If the notification relates to a portion of the filing checked above, identify
the Item(s) to which the notification relates:
Not Applicable
Part I - Registration Information
COMMERCE SECURITY BANCORP, INC.
(Full name of registrant)
7777 Center Avenue, Huntington Beach, California 92647-3067
(Address of principal executive offices)
Part II - Rules 12b-25(b) AND (c)
If the subject report could not be filed without unreasonable effort or expense
and the registrant seeks relief pursuant to Rule 12b-25(b), the following
should be completed. (Check box if appropriate)

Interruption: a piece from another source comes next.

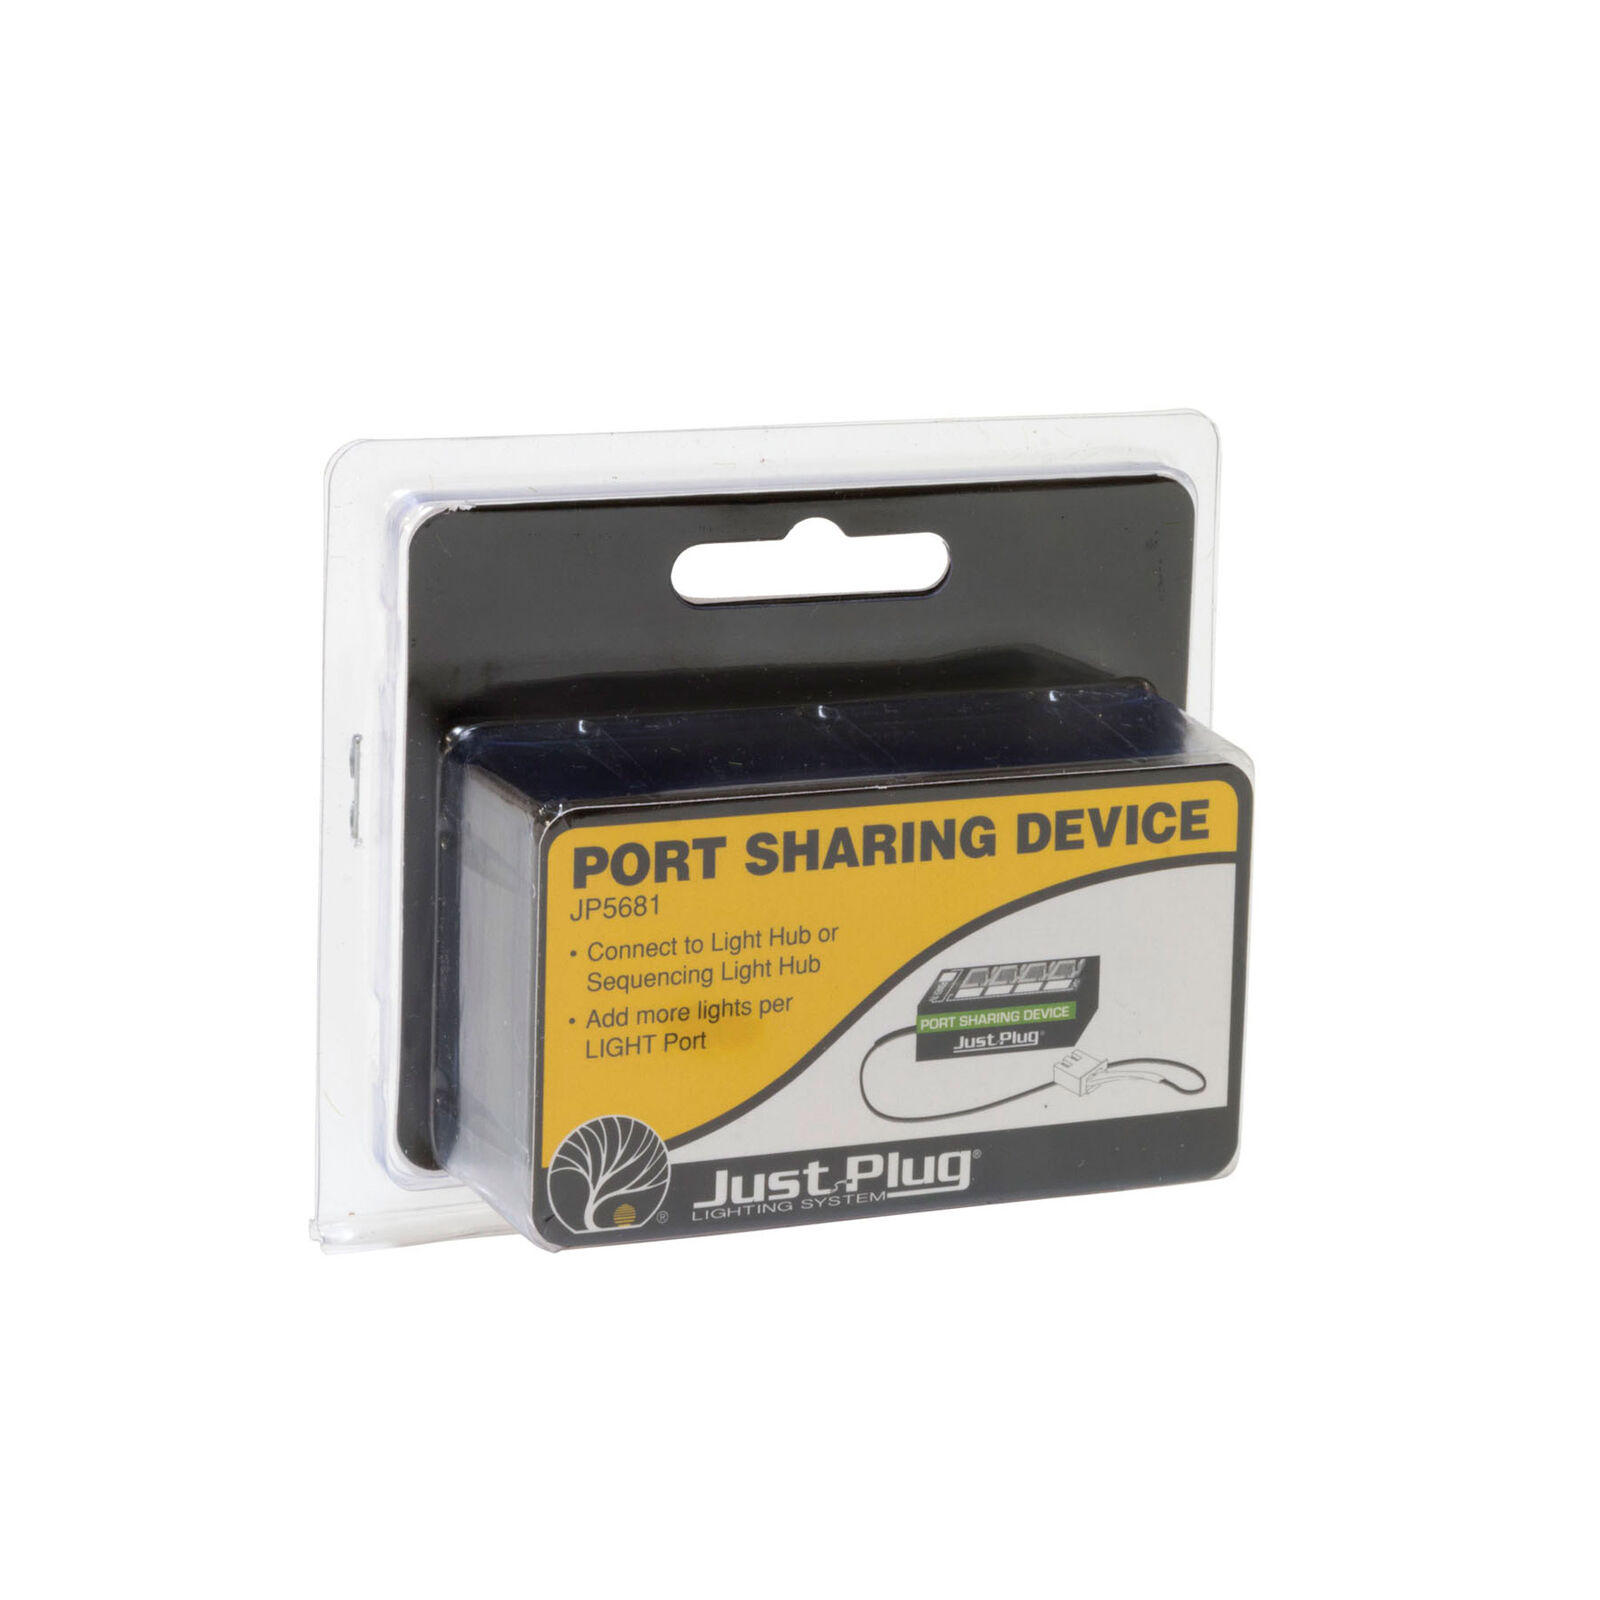 Port Sharing Device
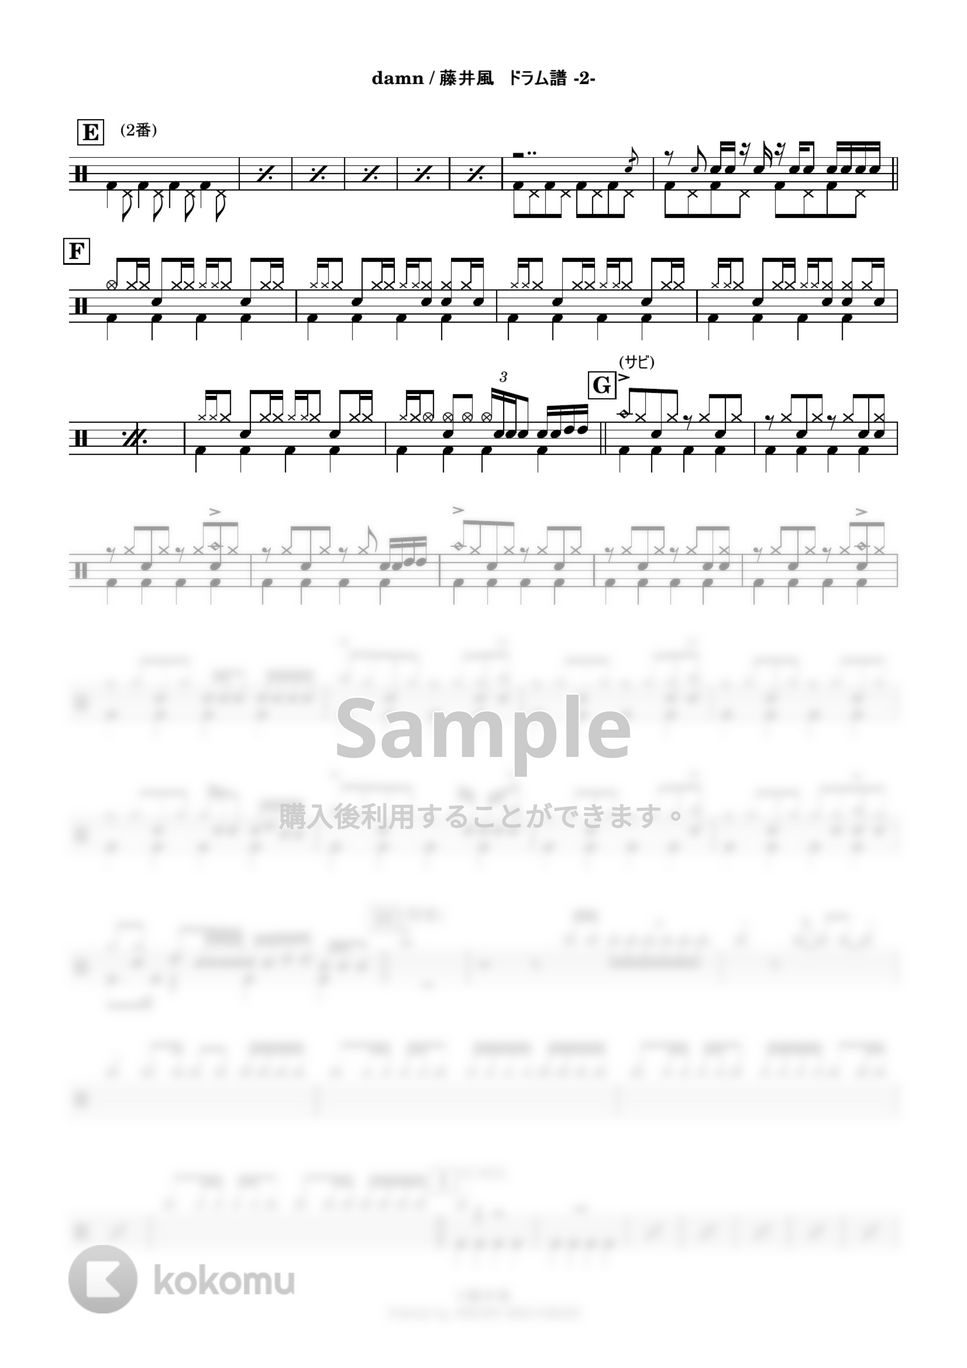 藤井風 - damn (ドラム譜MIDI付) by 鈴木建作

[X] (a) The reasons described in reasonable detail in Part III of this form
could not be eliminated without unreasonable effort or expense;
[X] (b) The subject annual report, semi-annual report, transition report on
Form 10-K, Form 20-F, Form 11-K, Form N-SAR, or portion thereof, will
be filed on or before the fifteenth calendar day following the
prescribed due date; or the subject quarterly report of transition
report on Form 10-Q, or portion thereof will be filed on or before
the fifth calendar day following the prescribed due date; and
[ ] (c) The accountant's statement or other exhibit required by rule 12b-25(c)
has been attached if applicable.
Part III - Narrative
State below in reasonable detail why the Form 10-K, 11-K, 10-Q, N-SAR, or the
transition report or portion thereof , could not be filed within the prescribed
time period.
Two accounting issues were being resolved to finalize the financial
statements of the registrant in order for management of Commerce Security
Bancorp, Inc. (the "Company") to provide its representation letter to the
accounting firm that is preparing the audited financial statements. These
issues were not fully resolved in sufficient time in order that the report
could be filed within the prescribed time period. The issues being resolved
are related to i) contingent liabilities related to the mortgage banking
activities of one of the Company's subsidiary banks and ii) computation of
the tax provisions and deferred tax assets on a consolidated basis.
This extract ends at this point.